* [INPUT DATA]

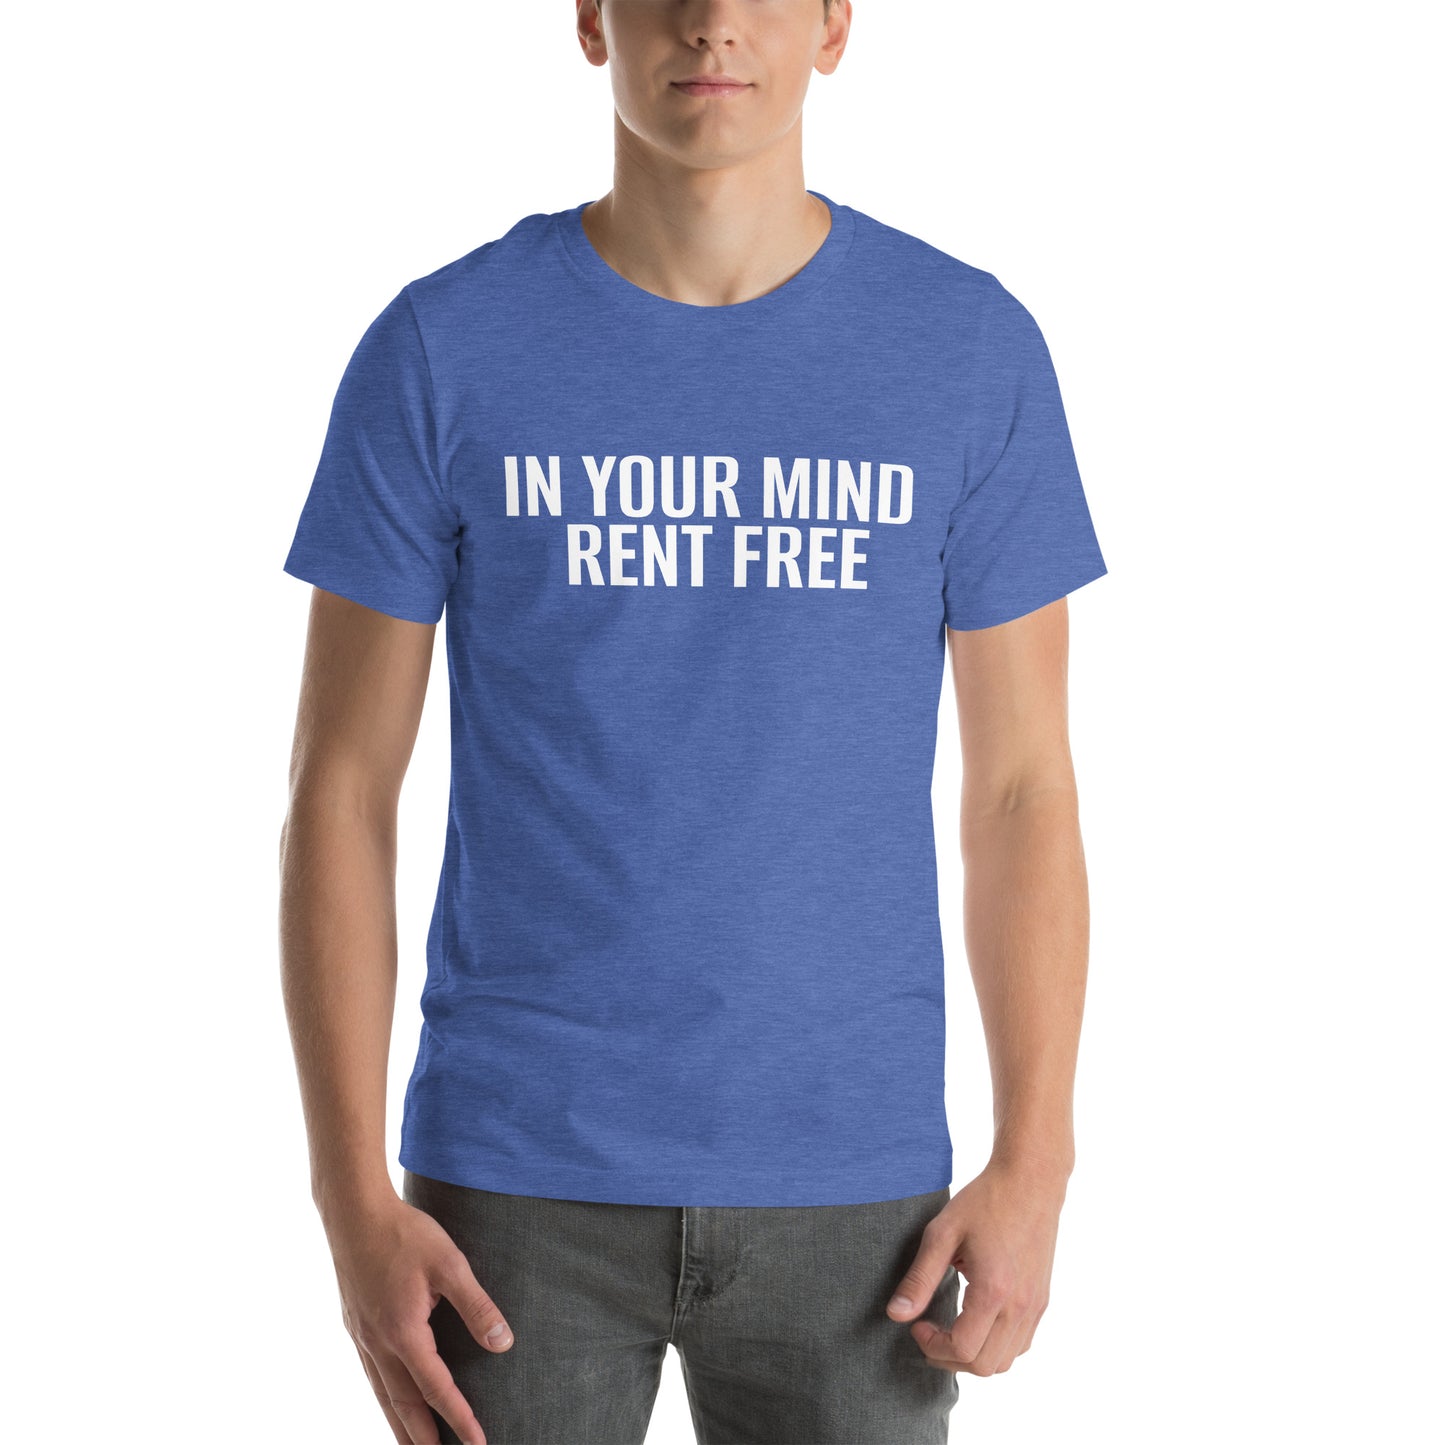 IN YOUR MIND RENT FREE  Unisex t-shirt
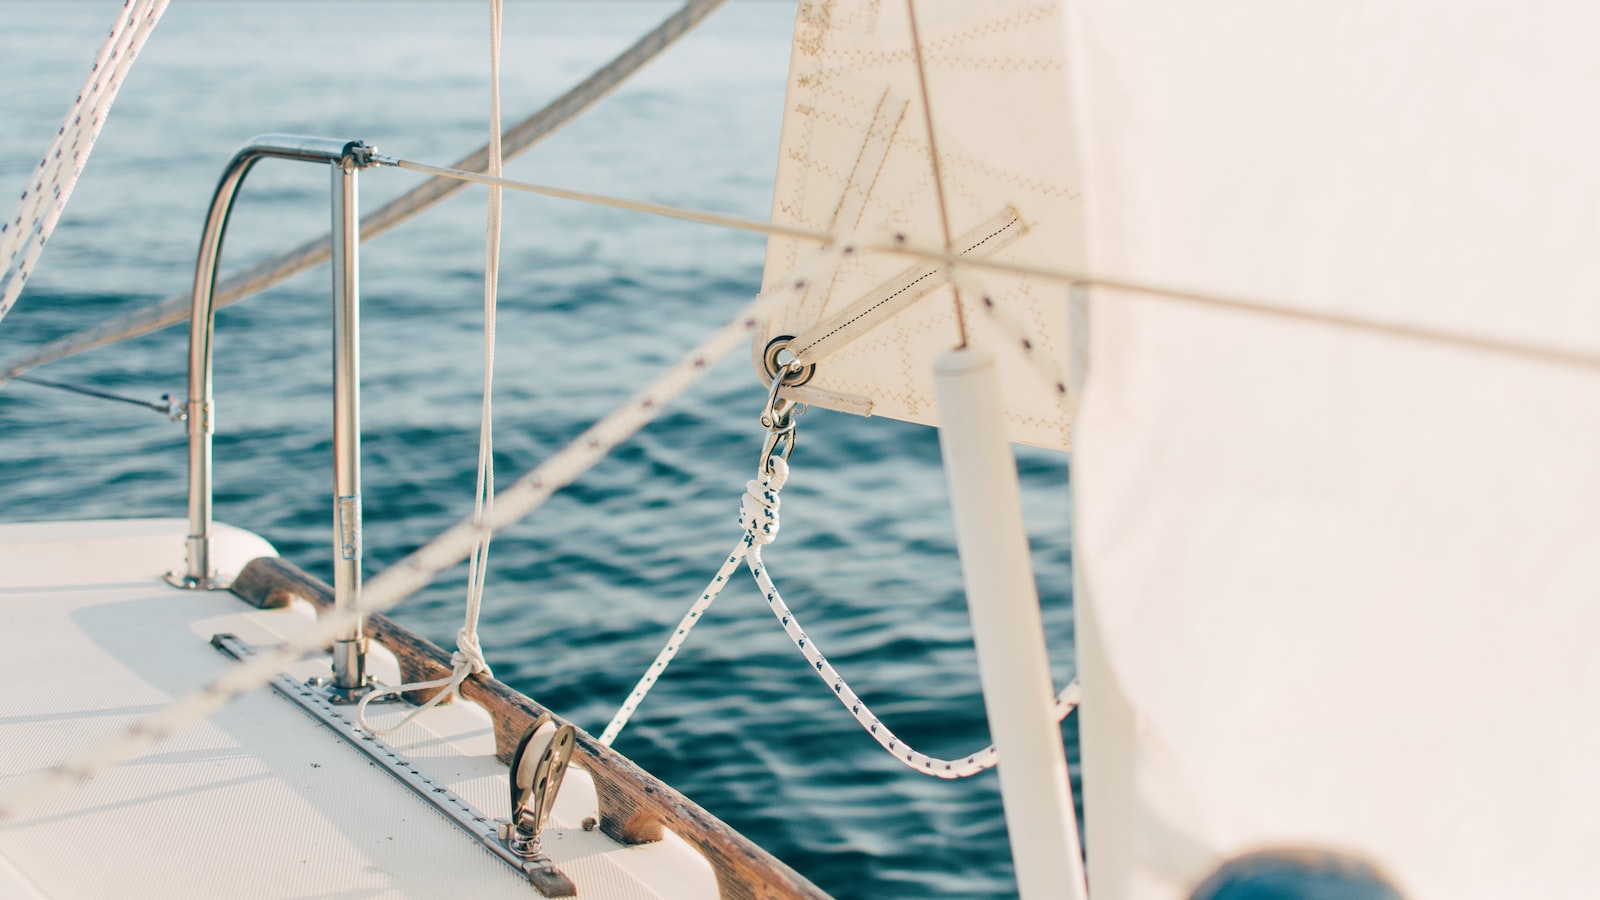 Preparing for the Examination: Tips and Resources for Successfully Passing the Yacht License Test
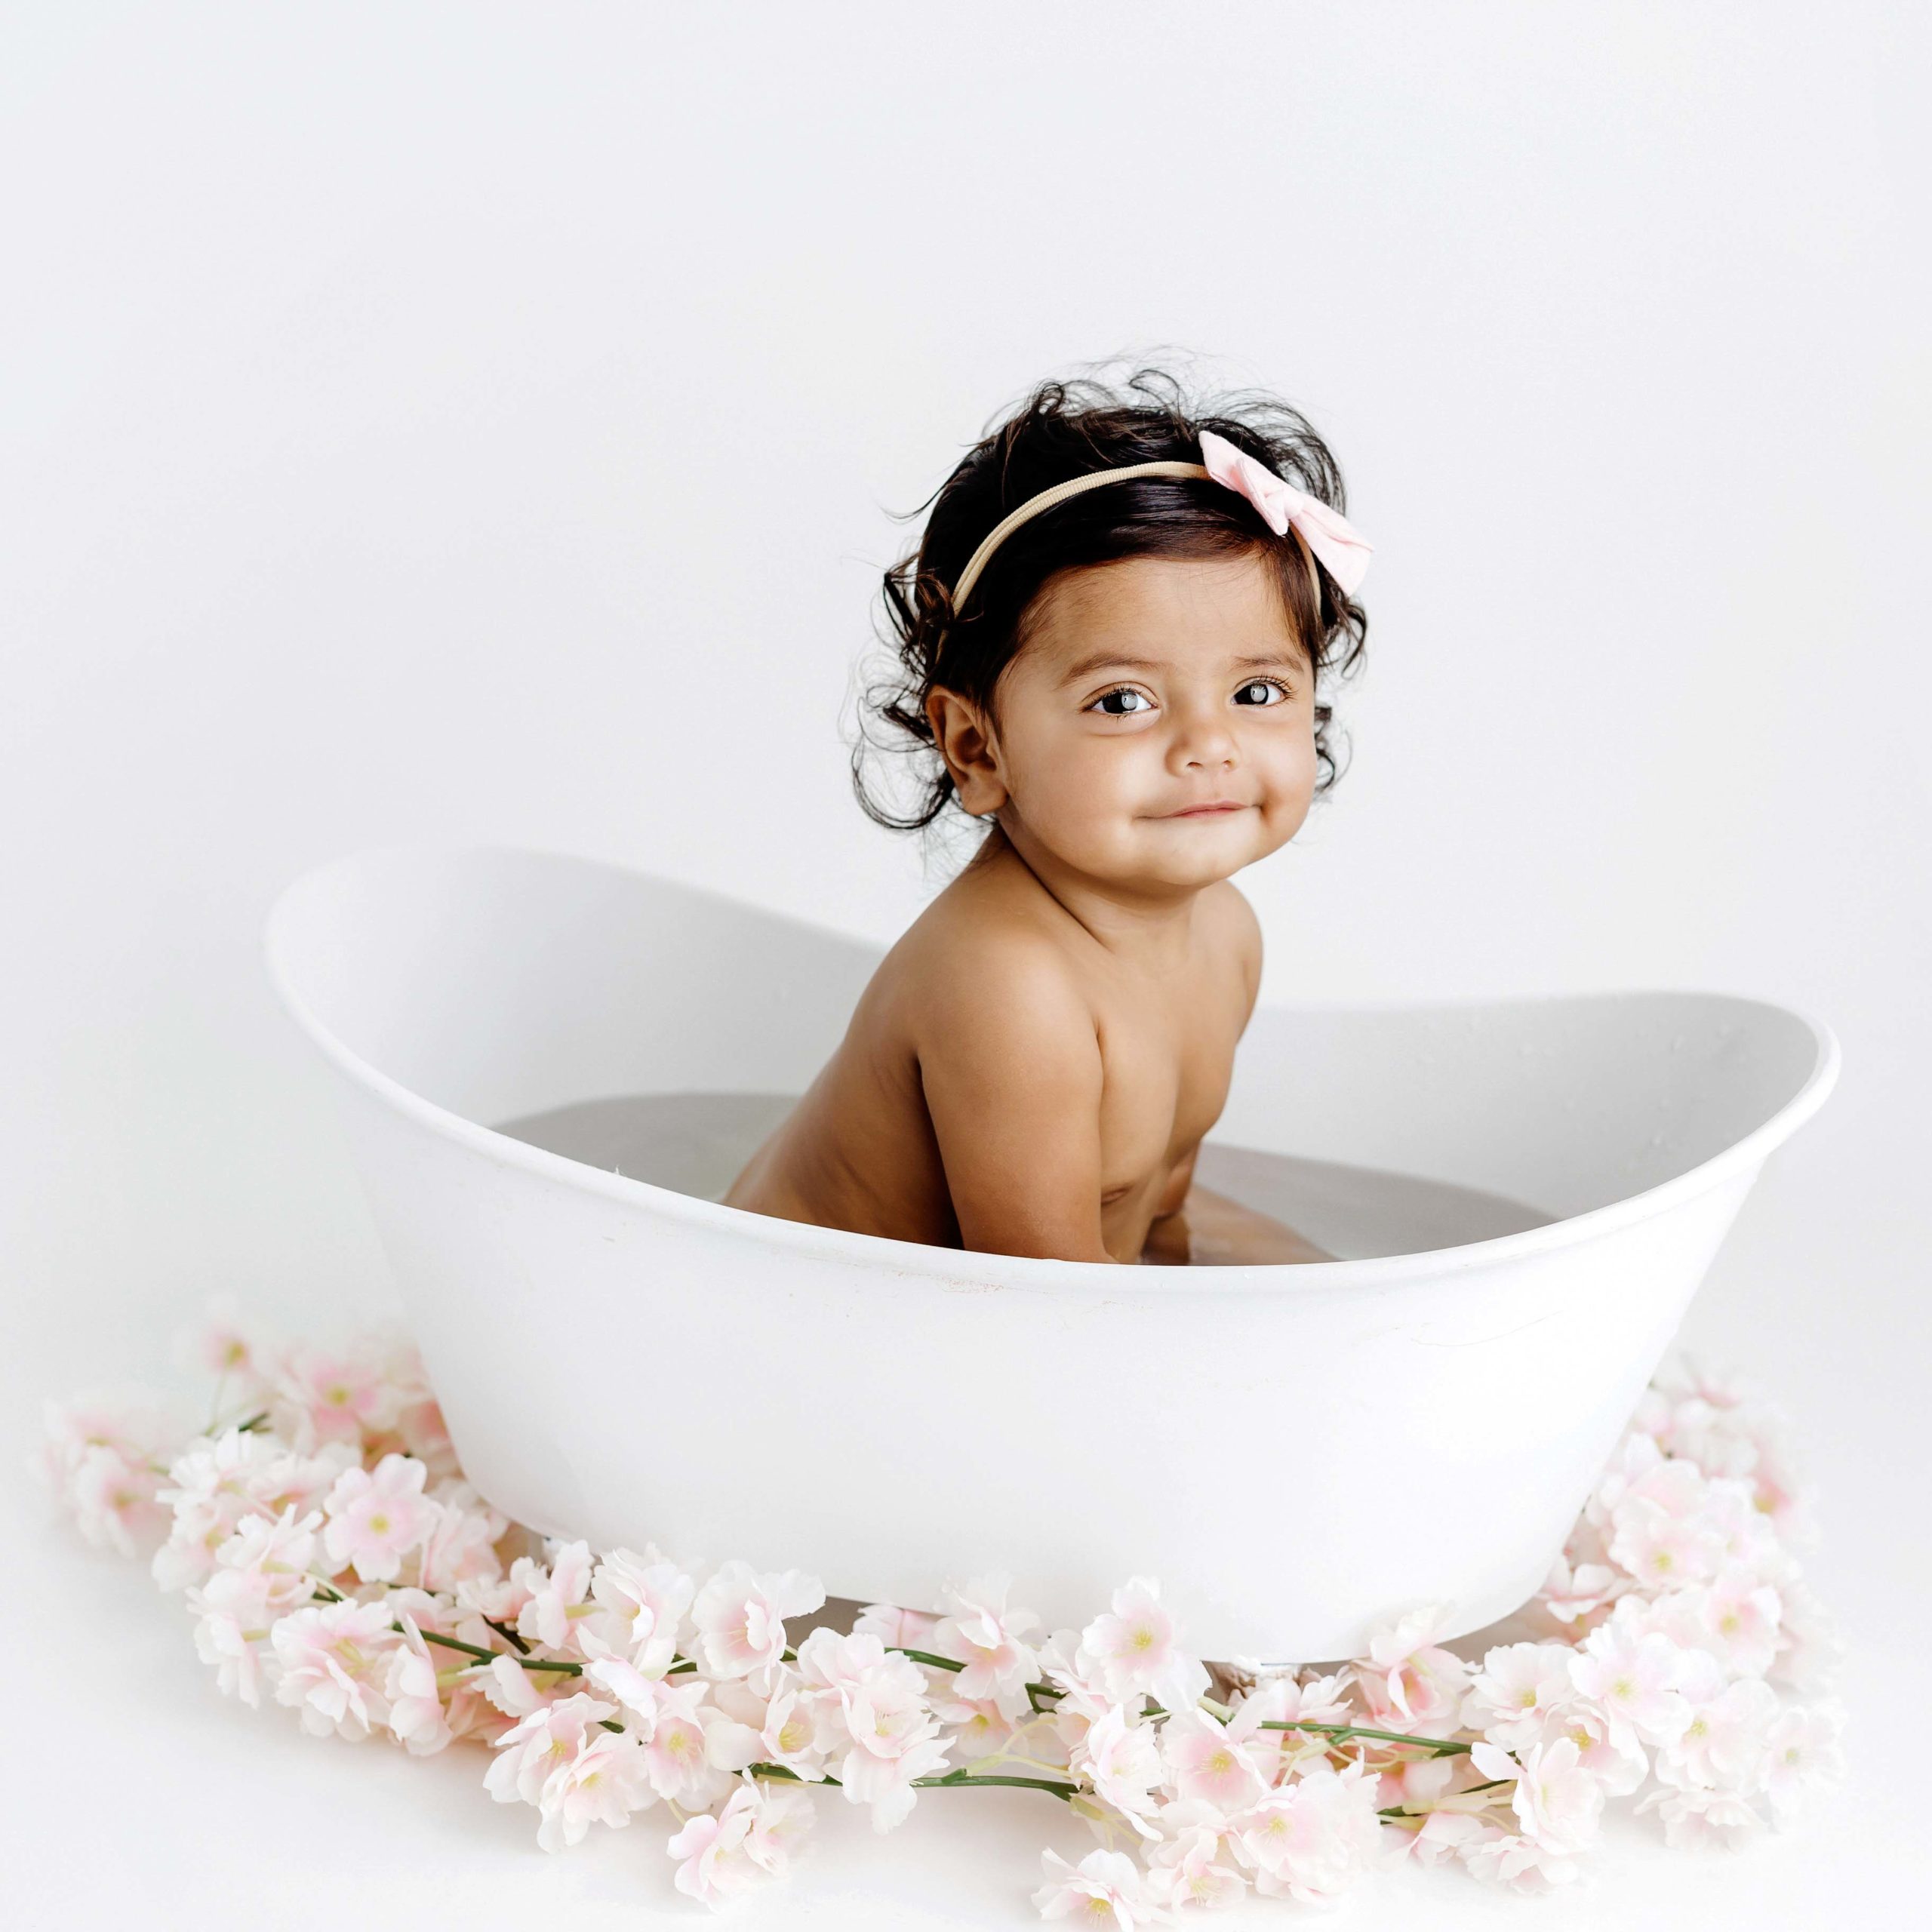 baby in tub
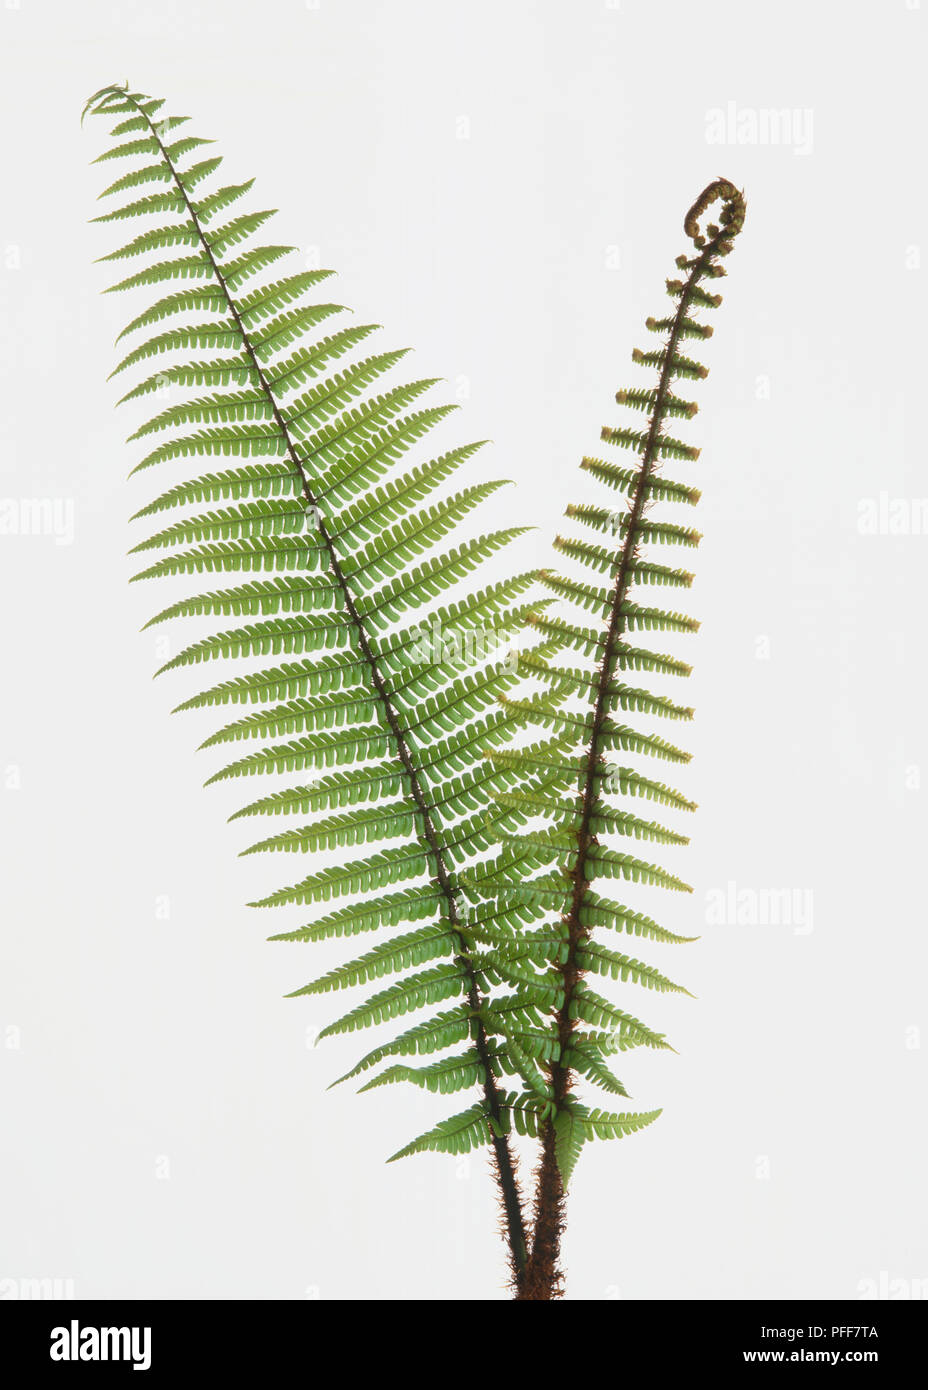 Wllich's Wood Fern, Dryopteris wallichiana, two stalks with light green shuttlecock shaped leaves, front view. Stock Photo

* [TO DO] Drop the pictures and copy the data exactly.

* [WRITTEN SOLUTION]
 IN YOUR MIND RENT FREE  Unisex t-shirt
 Preparing for the Examination: Tips and Resources for Successfully Passing the Yacht License Test
 baby in tub
 Wllich's Wood Fern, Dryopteris wallichiana, two stalks with light green shuttlecock shaped leaves, front view. Stock Photo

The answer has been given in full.